India’s minister of state for power, coal and new and renewable energy, Piyush Goyal, during the Confederation of Indian Industry (CII) Annual Session 2017 in New Delhi, revealed that the Government is planning to make all the cars sold in India by 2030, only electric. This is in line with the Government’s ambitions to make India the first country to go the fully electric mode in cars.
“We are going to introduce electric vehicles in a very big way. We are going to make electric vehicles self-sufficient… The idea is that by 2030, not a single petrol or diesel car should be sold in the country,” Goyal said.
Though he believes the electric car industry will be able to stand on its own without any impetus from the Government and grow strongly, he feels that, the industry might require some push for the first two three years to get the wheels rotating.
“The cost of electric vehicles will start to pay for itself for consumers.
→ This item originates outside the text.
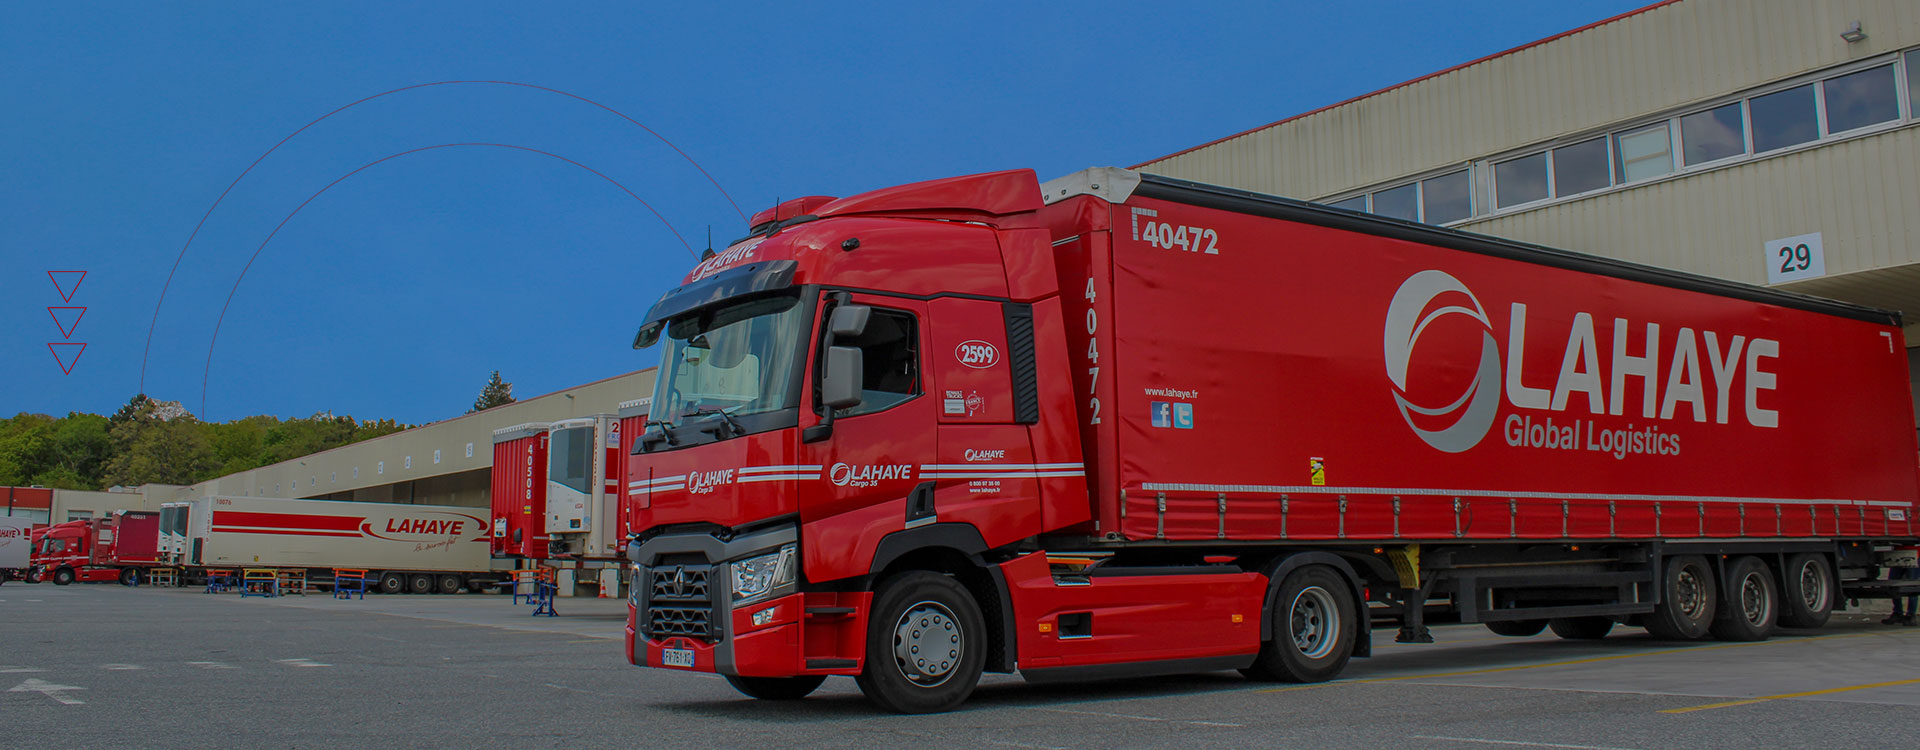 Lahaye Global Logistics Campagne Distribution Header
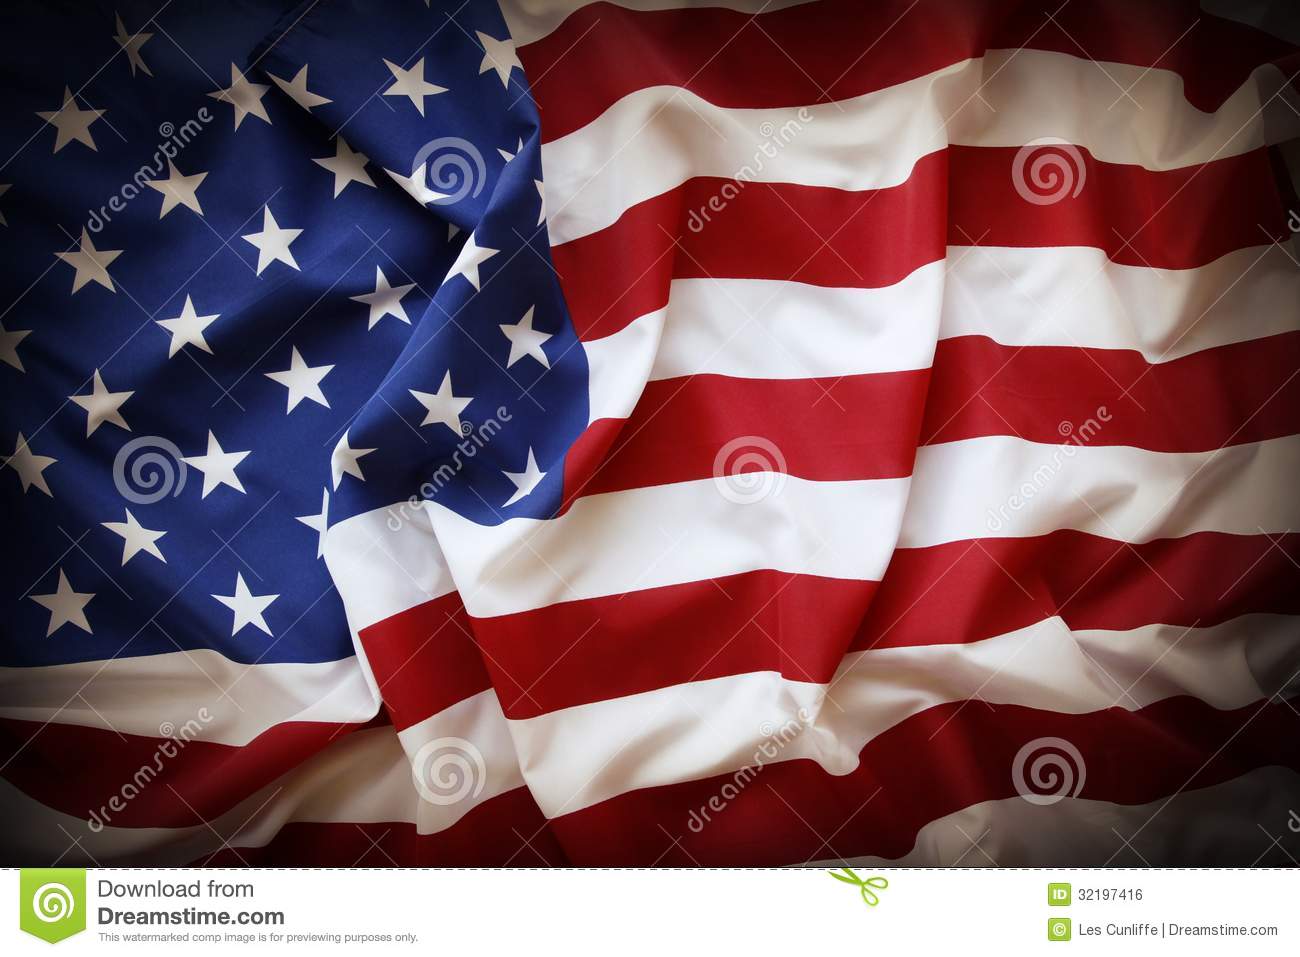 American Flag Royalty Free Stock Image   Image  32197416

We would love to see the electric vehicle industry run on its own,” he said.
The plan, though ambitious, is not an easy one to achieve. In fact, the top 15 cities by sales have atleast 10 lakh cars each which are powered either by petrol or diesel. New Delhi has around 7.35 million cars closely followed by Bangalore at 4.1 million and Chennai at 3.7 million. In the financial year that ended in March 2016, India had bought only 22000 electric vehicles. While a Year on Year (YoY) comparison will reveal a growth of 37.5 percent, it is still a far cry and constitutes only a fraction of our country’s annual sales. For an ambitious idea of going all electric by 2030, we are completely off course, for now.
Also, to ensure an increase in the adoption rate of electric cars and to to boost the electric vehicles sales, the Government should provide some sort of incentives to both the manufacturers and customers. Currently, only Mahindra, sells its all electric range of cars in India, the e2o and the e2o plus.
We, really hope that, India sees a quicker adoption of the electric cars in the near future.Though we are a bit skeptical about the plan of going all-electric by 2030, the high ambitions set will definitely drive the country towards the goal.